_WORK TO COMPLETE_
Please return each entry exactly as it appears, but not the pictures.
DATA FOR THIS EXERCISE below:
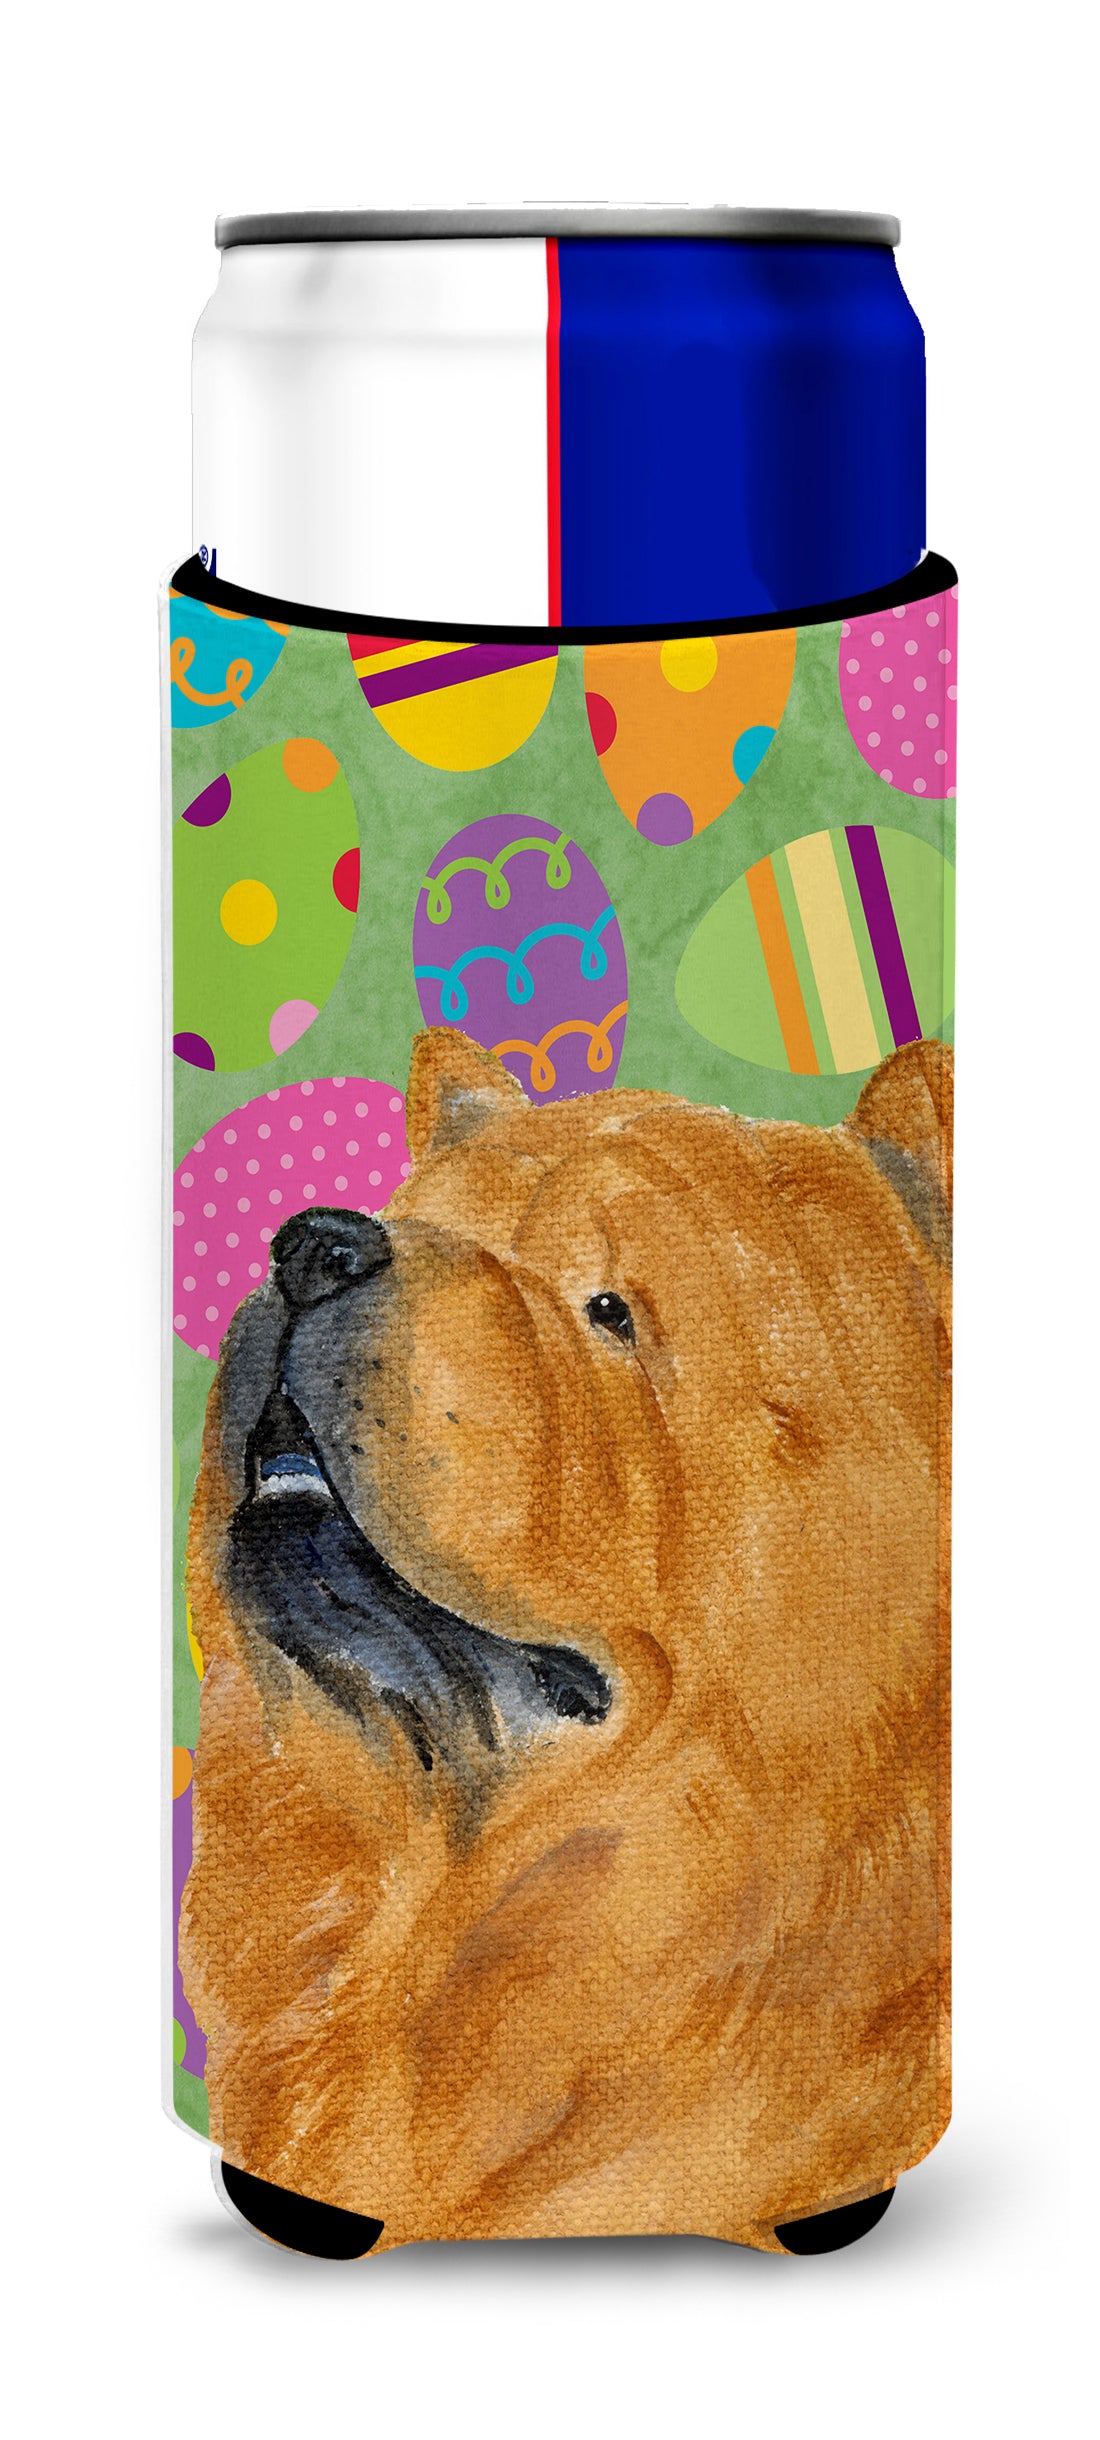 Chow Chow Easter Eggtravaganza Ultra Beverage Insulators for slim cans SS4847MUK.
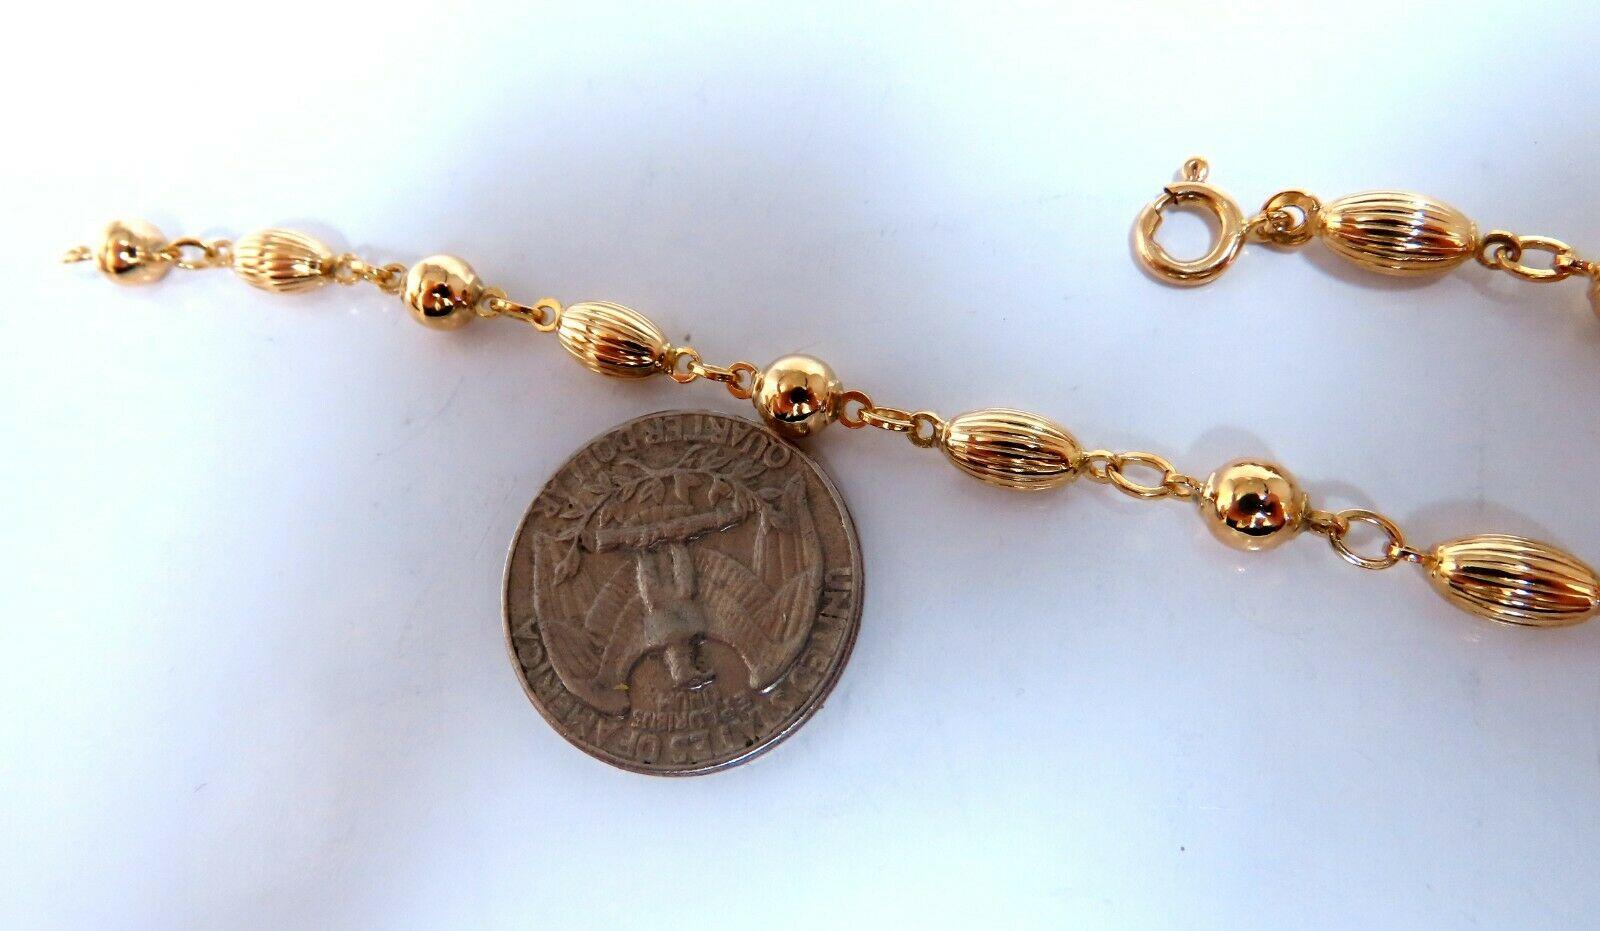 Melon & Ball Bead Chain Link 

Bracelet

Durable, Well Made

14kt. yellow gold

6.3 Grams.

5mm wide

7 inch long

wide caliber clasp.
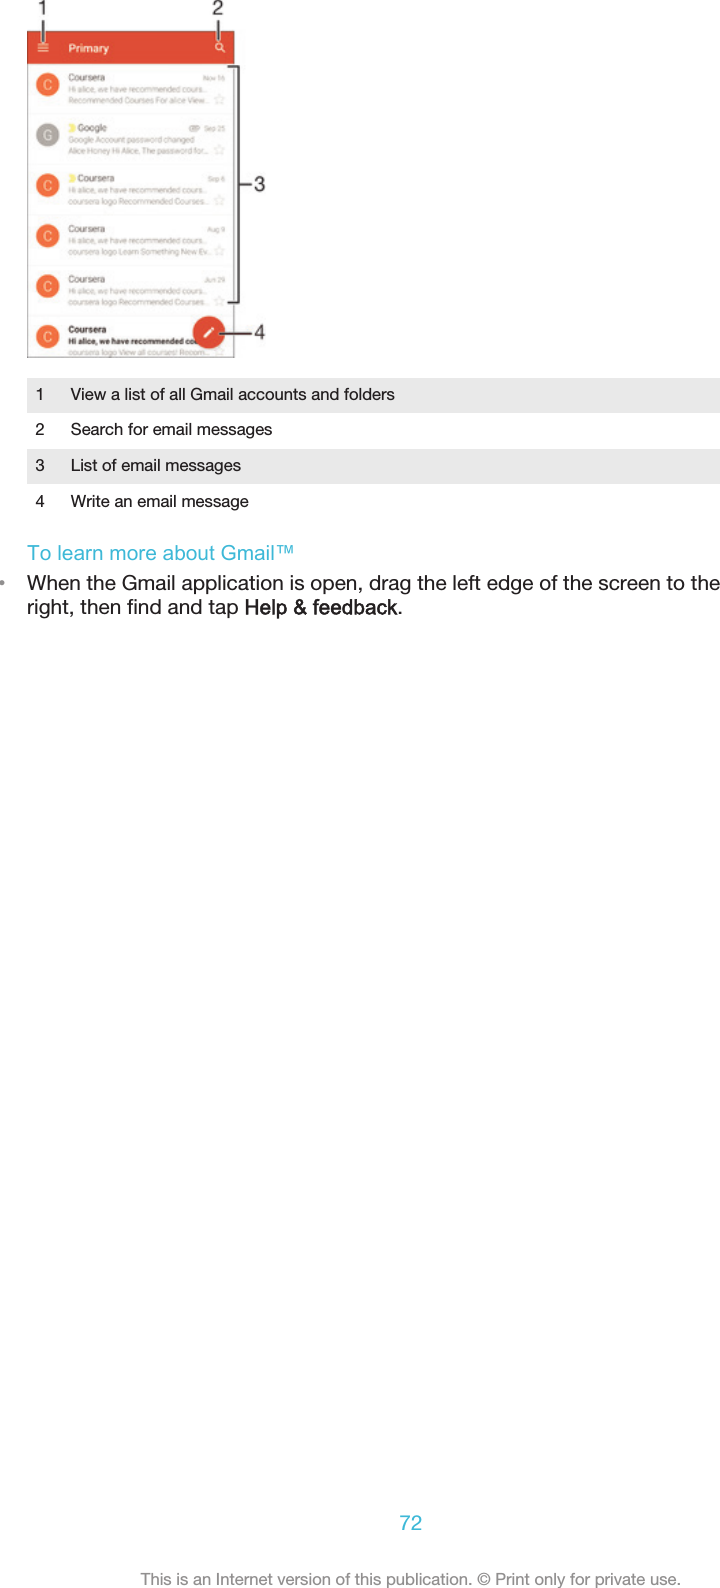 1 View a list of all Gmail accounts and folders2 Search for email messages3 List of email messages4 Write an email messageTo learn more about Gmail™•When the Gmail application is open, drag the left edge of the screen to theright, then find and tap Help &amp; feedback.72This is an Internet version of this publication. © Print only for private use.
End of DATA FOR THIS EXERCISE.
_COMPLETED TASK_
 Chow Chow Easter Eggtravaganza Ultra Beverage Insulators for slim cans SS4847MUK.
 Melon & Ball Bead Chain Link 

Bracelet

Durable, Well Made

14kt. yellow gold

6.3 Grams.

5mm wide

7 inch long

wide caliber clasp.
 1 View a list of all Gmail accounts and folders2 Search for email messages3 List of email messages4 Write an email messageTo learn more about Gmail™•When the Gmail application is open, drag the left edge of the screen to theright, then find and tap Help &amp; feedback.72This is an Internet version of this publication. © Print only for private use.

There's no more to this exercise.